Он резко обернулся, не ожидая, что здесь его могут окликнуть, и с любопытством посмотрел на меня. Тут подошел и Женя Шишкин. Глеб Горбовский, конечно же, сразу признал в нас сотоварищей. Это было видно по всему. Ему, безусловно, сразу же понравилось и то, что к нему, наконец, здесь, в Москве, подошли, обратились. Он, наверное, какое-то время прождал и в Союзе писателей, где, увы, никто даже не пригласил его в кабинет.

– Мы с Высших литературных курсов, – сказал я.

Глеб Горбовский подал руку. Сперва мне, потом Евгению Шишкину.

– Очень приятно. А я вот приехал, подаяние (так и сказал) получил.

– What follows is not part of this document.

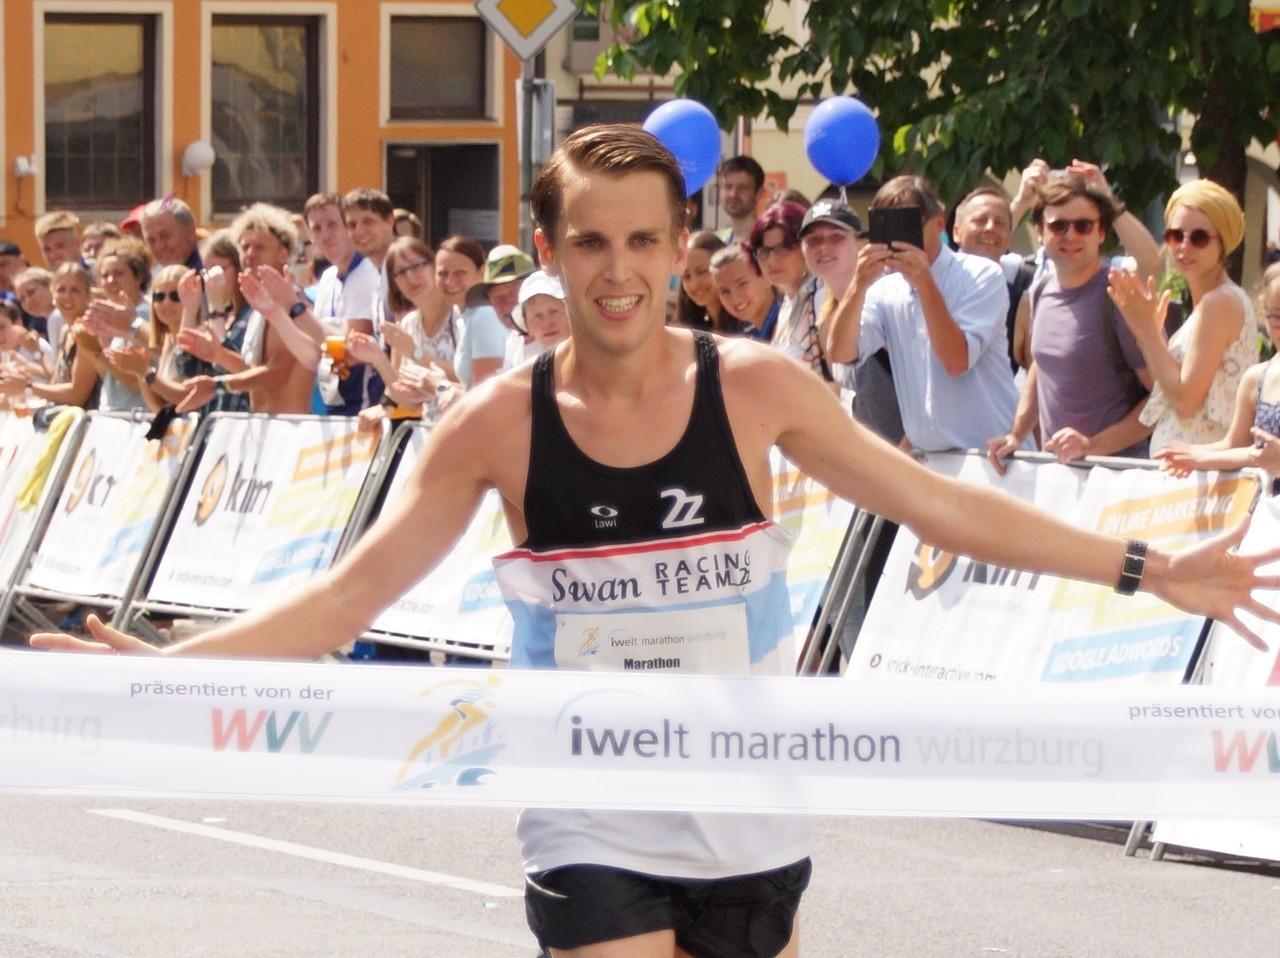 DSC01176-Mayer_Marius_iwelt_marathon_2018

– Читаю вас с юности, – я тут же решил сменить тему. Тогда, а было это в декабре 1994 года, все русские писатели последними словами крыли и Москву, и московские власти. – Рад видеть вас в добром здравии (по Москве ходили слухи о жутких запоях Глеба Горбовского). Знаете, недавно на семинаре Юрий Кузнецов приводил ваши стихи как образец русской лирики.

– Интересно. На Юру не похоже. Передай ему поклон от меня. И помолчав, спросил:

– Вы не из Питера?

– Нет, я белорус. А это – Евгений Шишкин, прозаик из Нижнего Новгорода.

– У меня дом в Белоруссии.

– Где именно?

– В Витебской области. Я совсем недавно оттуда. В Питере голодно, тоскливо. Вот и стараюсь больше бывать в Белоруссии, в своей деревне. Дешеви-изна!.. А картошки… Меня и в Питере белорусская картошка выручает. Пропал бы…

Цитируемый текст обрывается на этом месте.